**Problem**.
Extract the records in full, leaving every picture out.

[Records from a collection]
____________

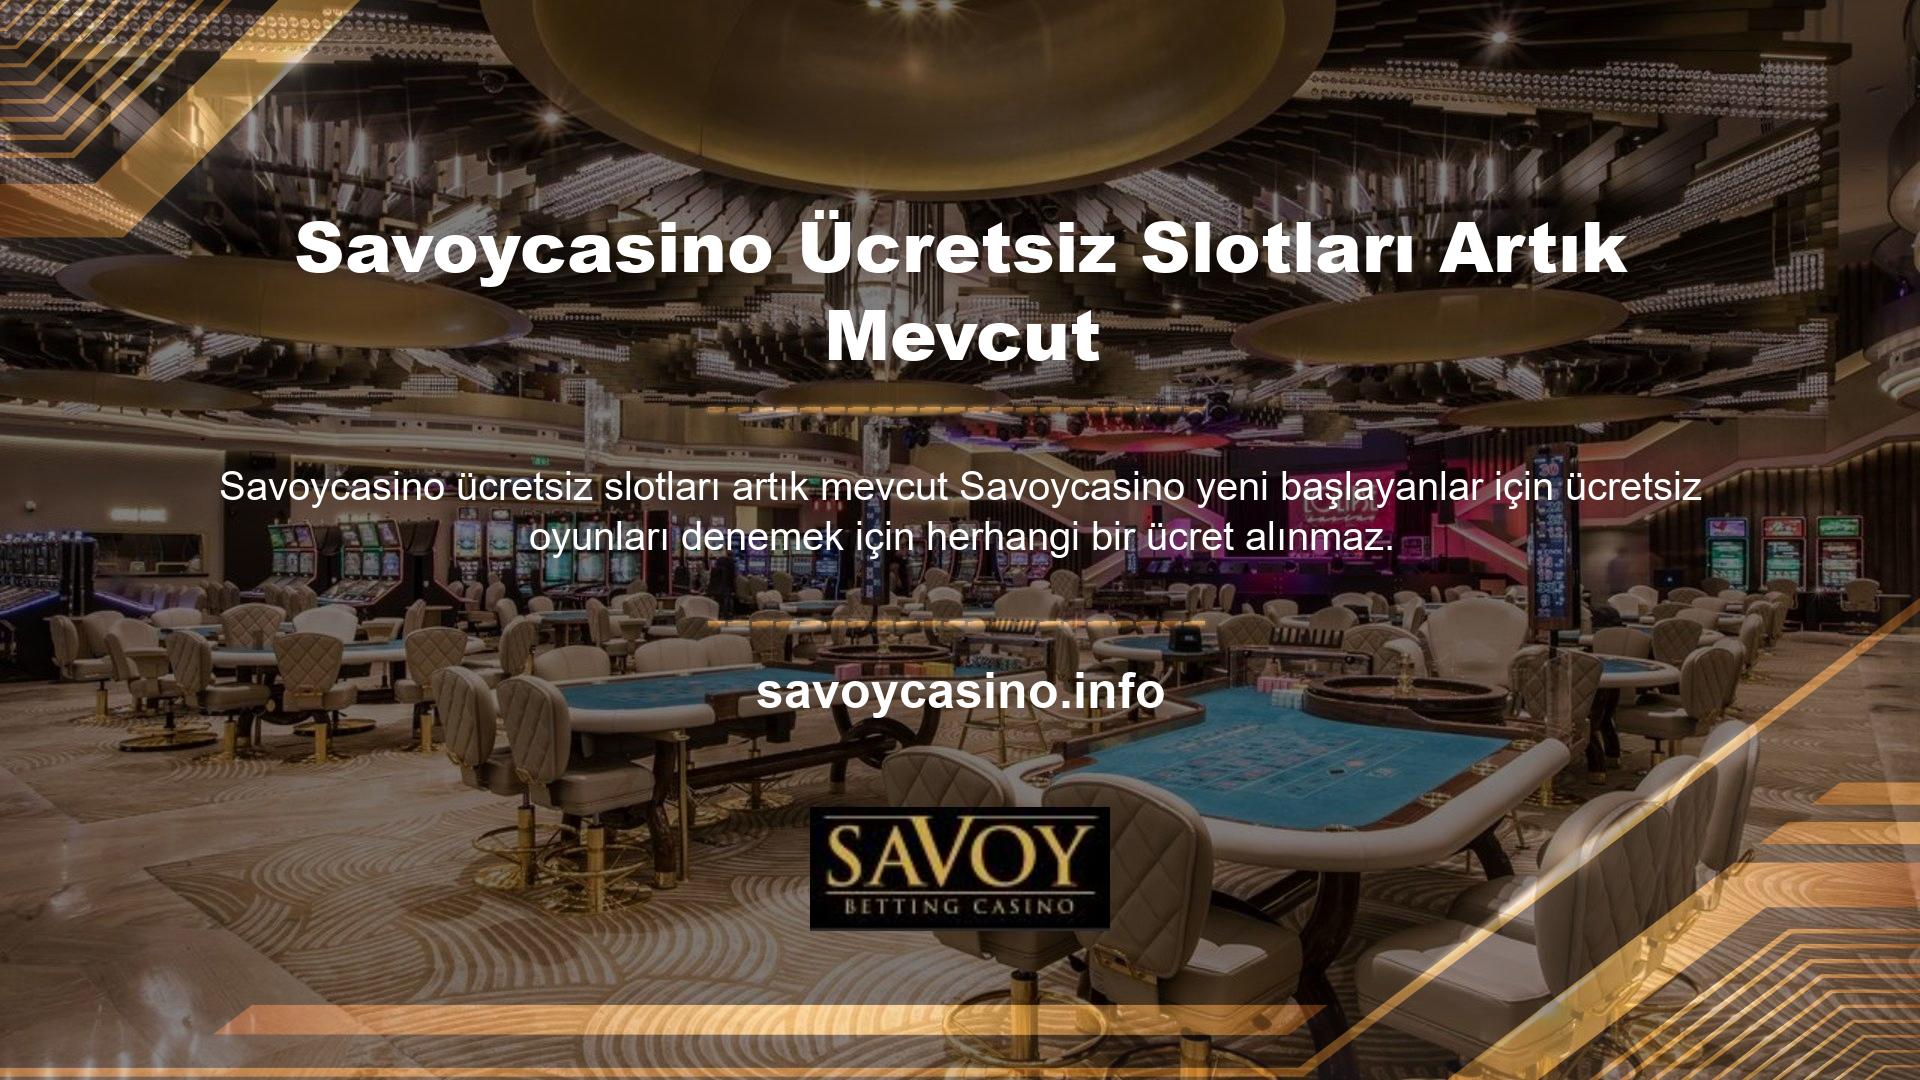 Savoycasino ücretsiz slotlarının bu sürümü, risksiz bir oyun deneyimi sunduğu için denemeye değer
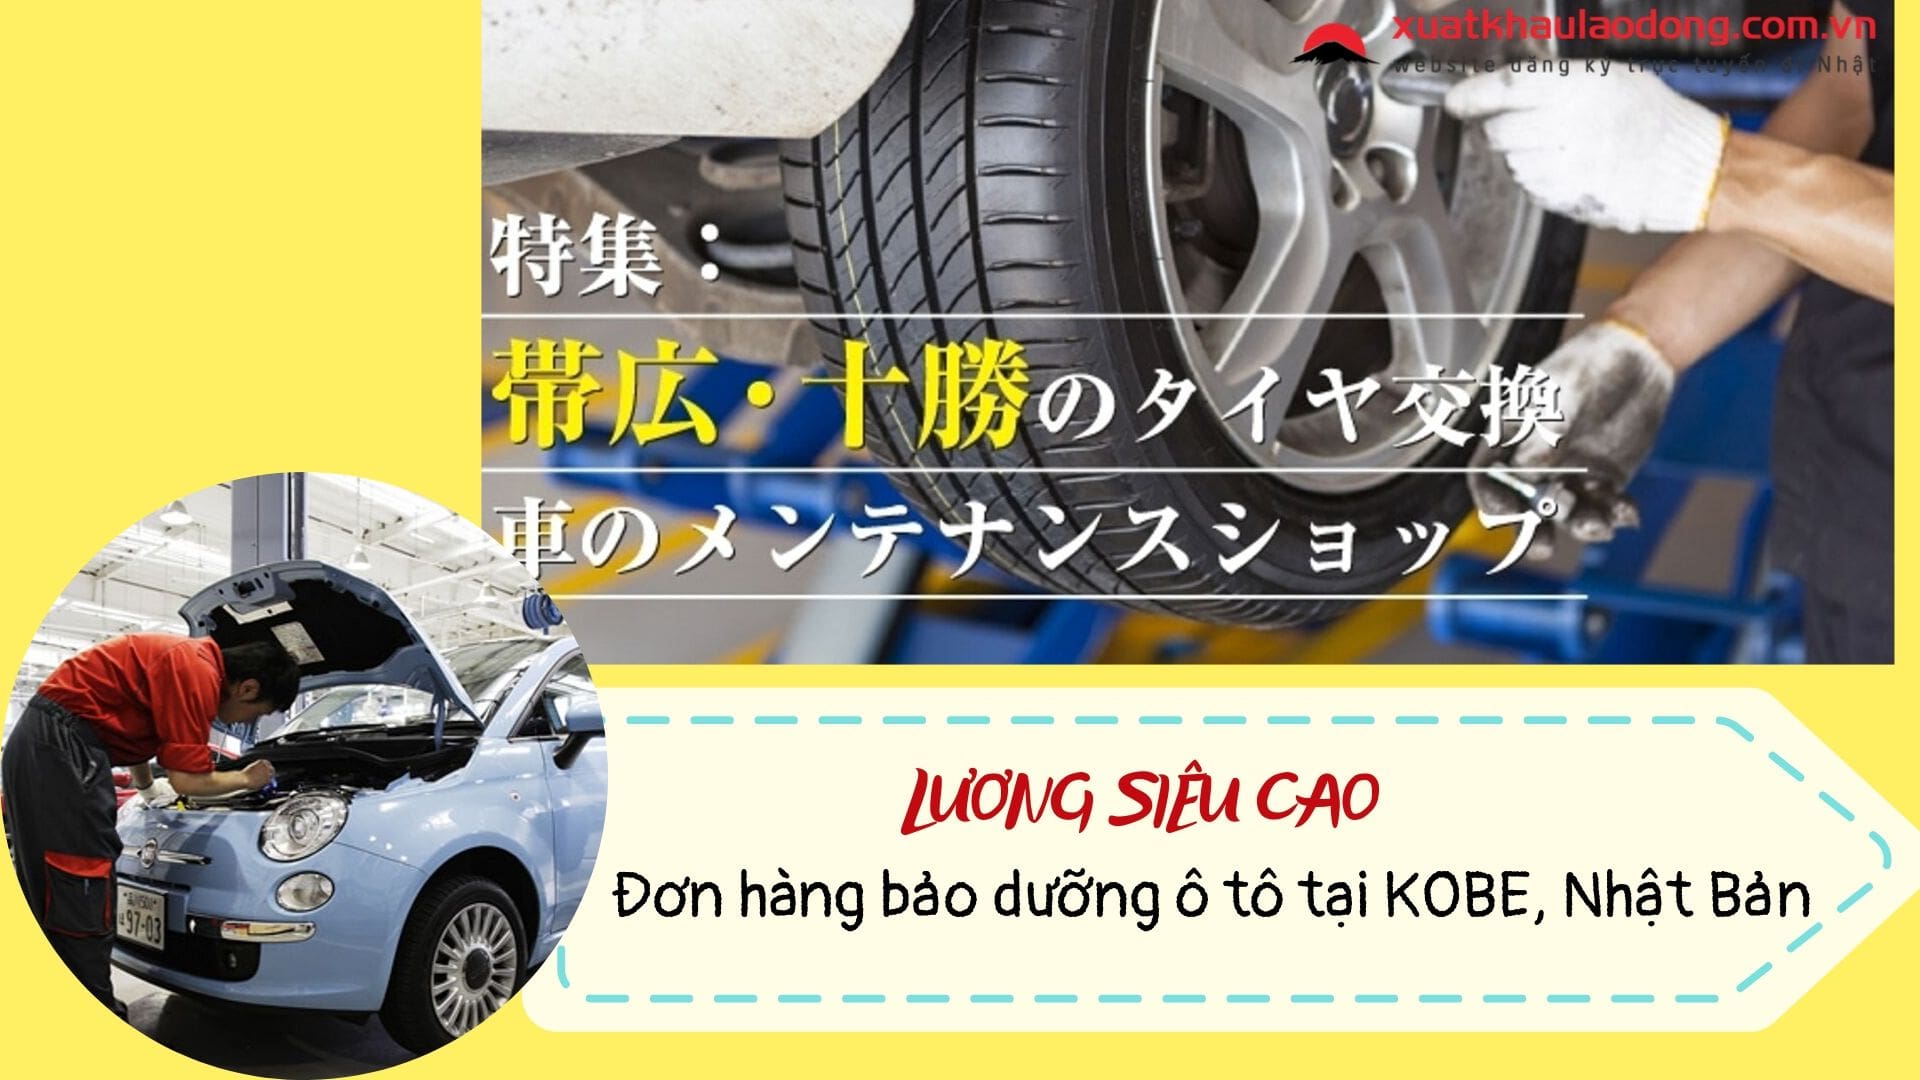 Đơn hàng bảo dưỡng ô tô tại Kobe
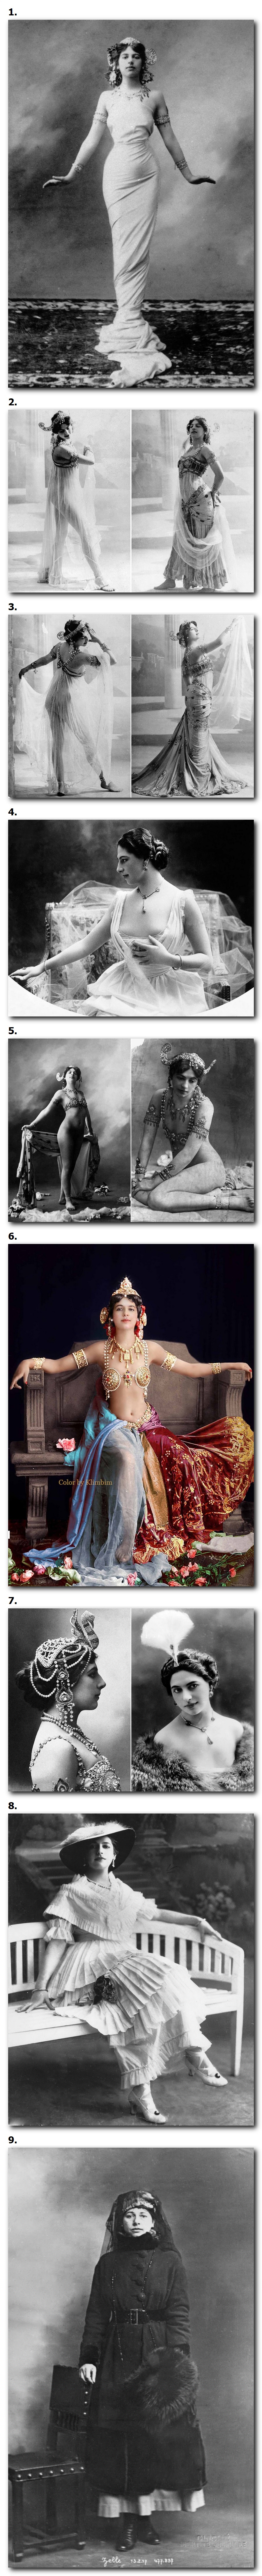 Mata Hari, la célèbre espion de la Première Guerre mondiale, 1905-1917
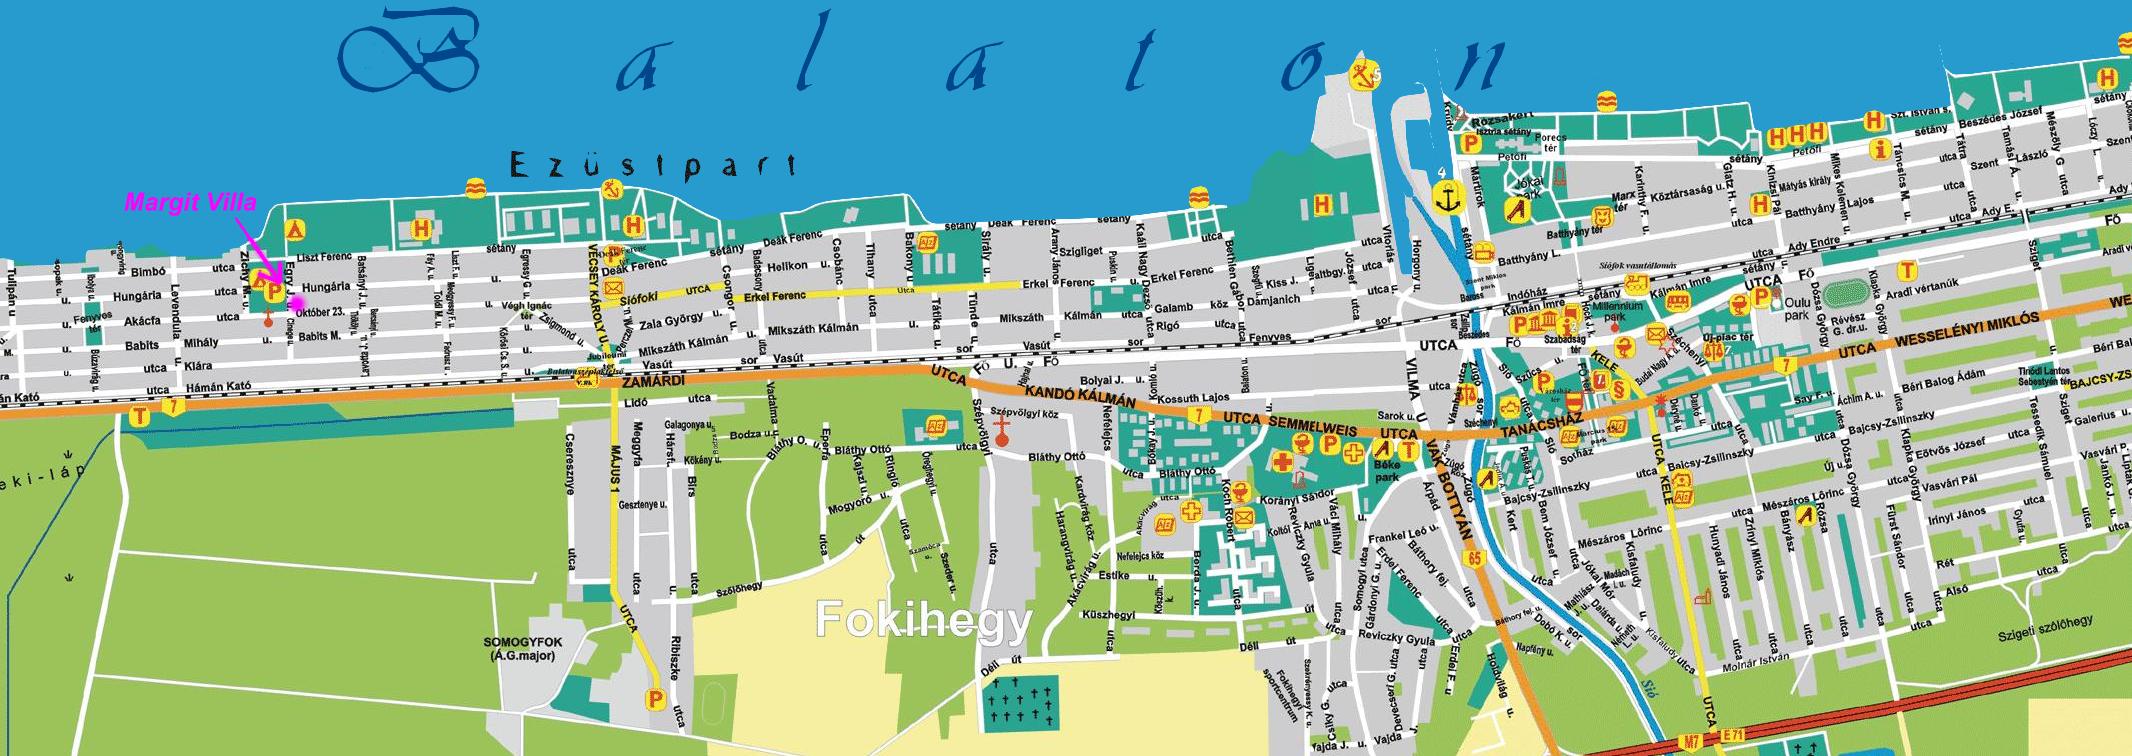 térkép siófok Online térképek: Siófok interaktív térkép térkép siófok
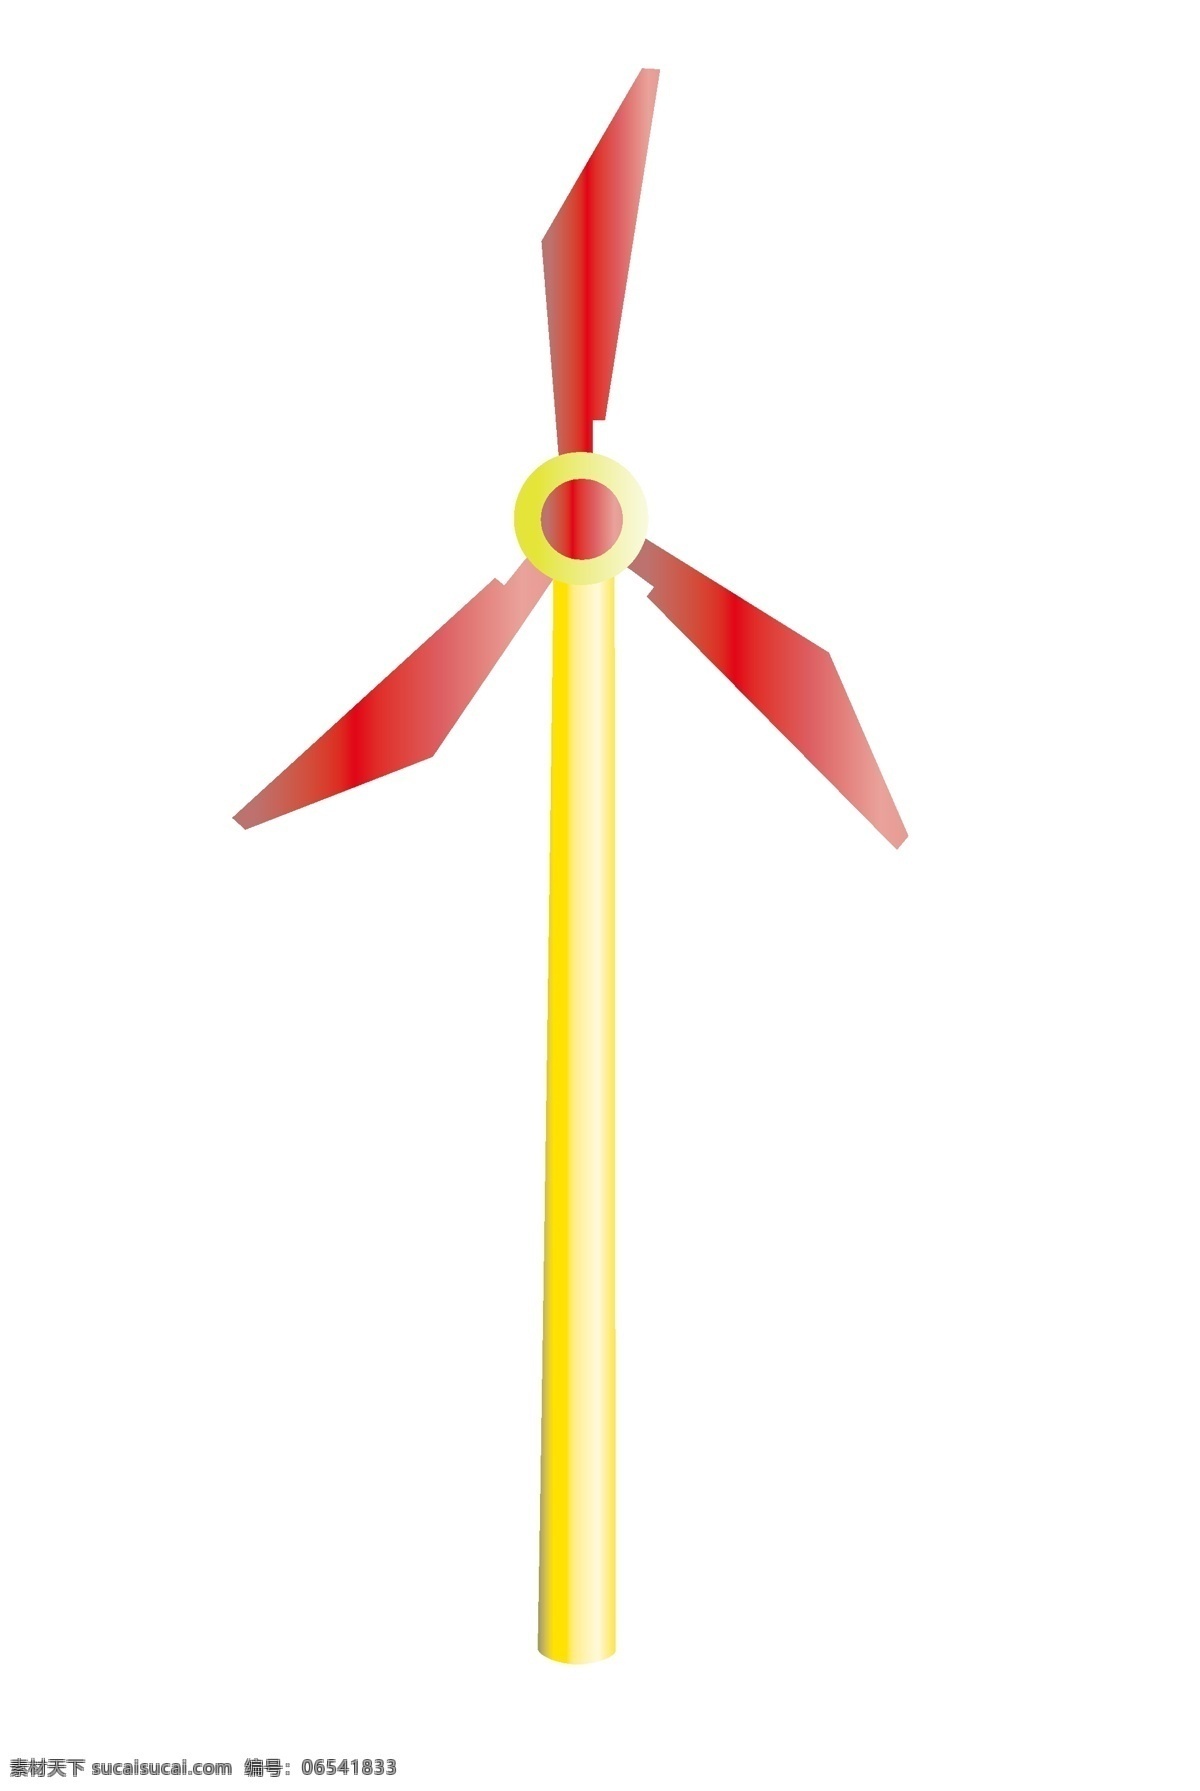 风车 发电 卡通 插画 卡通插画 风车插画 玩具插画 风车玩具 风车模型 风车发电插画 红色的风车

____________

**Exercise response**.
 Savoycasino ücretsiz slotlarının bu sürümü, risksiz bir oyun deneyimi sunduğu için denemeye değer
 Đơn hàng bảo dưỡng ô tô tại Kobe
 Mata Hari, la célèbre espion de la Première Guerre mondiale, 1905-1917
 térkép siófok Online térképek: Siófok interaktív térkép térkép siófok
 风车 发电 卡通 插画 卡通插画 风车插画 玩具插画 风车玩具 风车模型 风车发电插画 红色的风车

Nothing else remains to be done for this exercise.